Lgs. n. 81, a quella del " preposto
di fatto". Se per la prima, ha precisato la Sez. IV, è necessario, tra
l'altro, che egli abbia ricevuto un incarico dal datore di lavoro e che abbia
ricevuto direttive per l'esecuzione dei lavori, nel caso di assunzione di fatto
la posizione di garanzia deriva dal concreto espletamento dei poteri tipici del
preposto senza che vi sia una preliminare investitura da parte del datore di
lavoro. Quanto sopra si ricava, oltre che da una analisi strutturale del
fenomeno, dalla lettura dell’art. 299 del D. Lgs. n. 81/2008 in base al quale
"
le posizioni di garanzia relative
ai soggetti di cui all'art. 2, comma 1, lett. b), d) ed e), gravano altresì su
colui il quale, pur sprovvisto di regolare investitura, eserciti in concreto i
poteri giuridici riferiti a ciascuno dei soggetti ivi definiti". Né,
per gli stessi motivi, ha sostenuto ancora la suprema Corte, sarebbe stato pertinente
il richiamo alla disciplina della delega di funzioni di cui all’art. 16 del D. Lgs.
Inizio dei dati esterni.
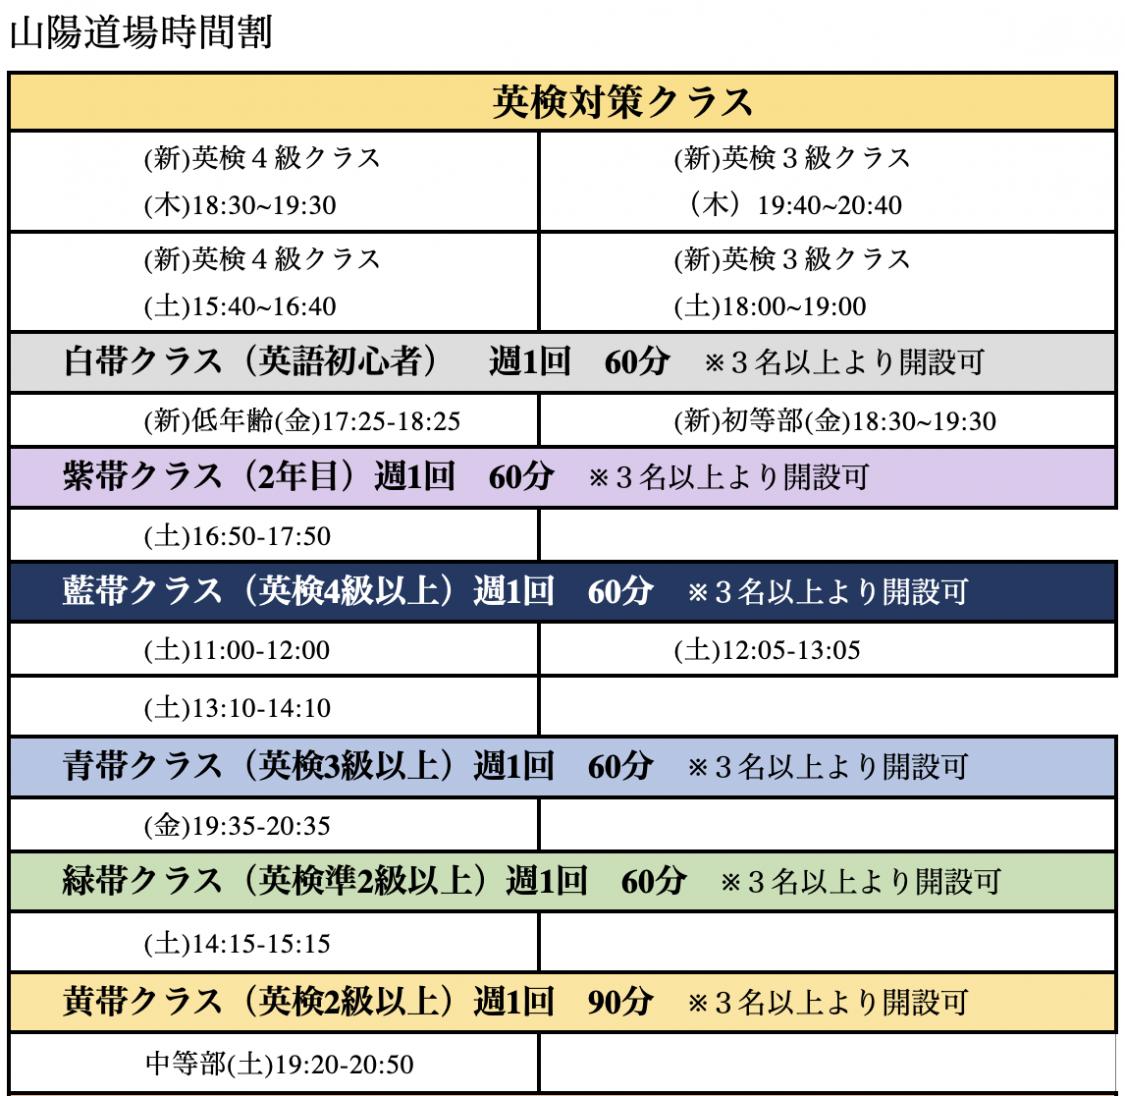 スクリーンショット 2021-02-11 0.30.02

n. 81/2008 perché occorre tenere distinta la tematica della delega di funzioni
prevenzionistiche, la quale richiede per la sua efficacia la ricorrenza dei
requisiti esplicitamente elencati dal menzionato art. 16, da quella evocata dal
"principio di effettività". Infatti, ha così proseguito la suprema
Corte, in tema di tutela della sicurezza e della salute dei lavoratori può
affermarsi che il principio di effettività, se vale ad elevare a garante colui
che di fatto assume e svolge i poteri del datore di lavoro, del dirigente o del
preposto, non vale a rendere efficace una delega priva dei requisiti di legge e
se nonostante tale carenza il delegato verrà chiamato a rispondere del proprio
operato sarà in quanto egli ha assunto di fatto i compiti propri del datore,
del dirigente o del preposto, e non per la esistenza di una delega
strutturalmente difforme dal modello normativo. Di conseguenza il delegante
"imperfetto" manterrà su di sé tutte le funzioni prevenzionistiche
che l'atto non è valso a trasferire ad altri e i suoi doveri non si ridurranno
all'obbligo di vigilanza di cui all'art. 16 del citato D. Lgs. n. 81/2008.
La Corte di Cassazione
ha condiviso quindi le conclusioni alle quali era pervenuta la Corte territoriale
la quale, facendo proprio l'impianto motivazionale del primo giudice, aveva
precisato analiticamente le ragioni per le quali aveva ritenuto che l’imputato,
nello svolgere le funzioni di capocantiere, avesse assunto di fatto il ruolo di preposto del
datore di lavoro e avesse assunto in concreto le sue responsabilità.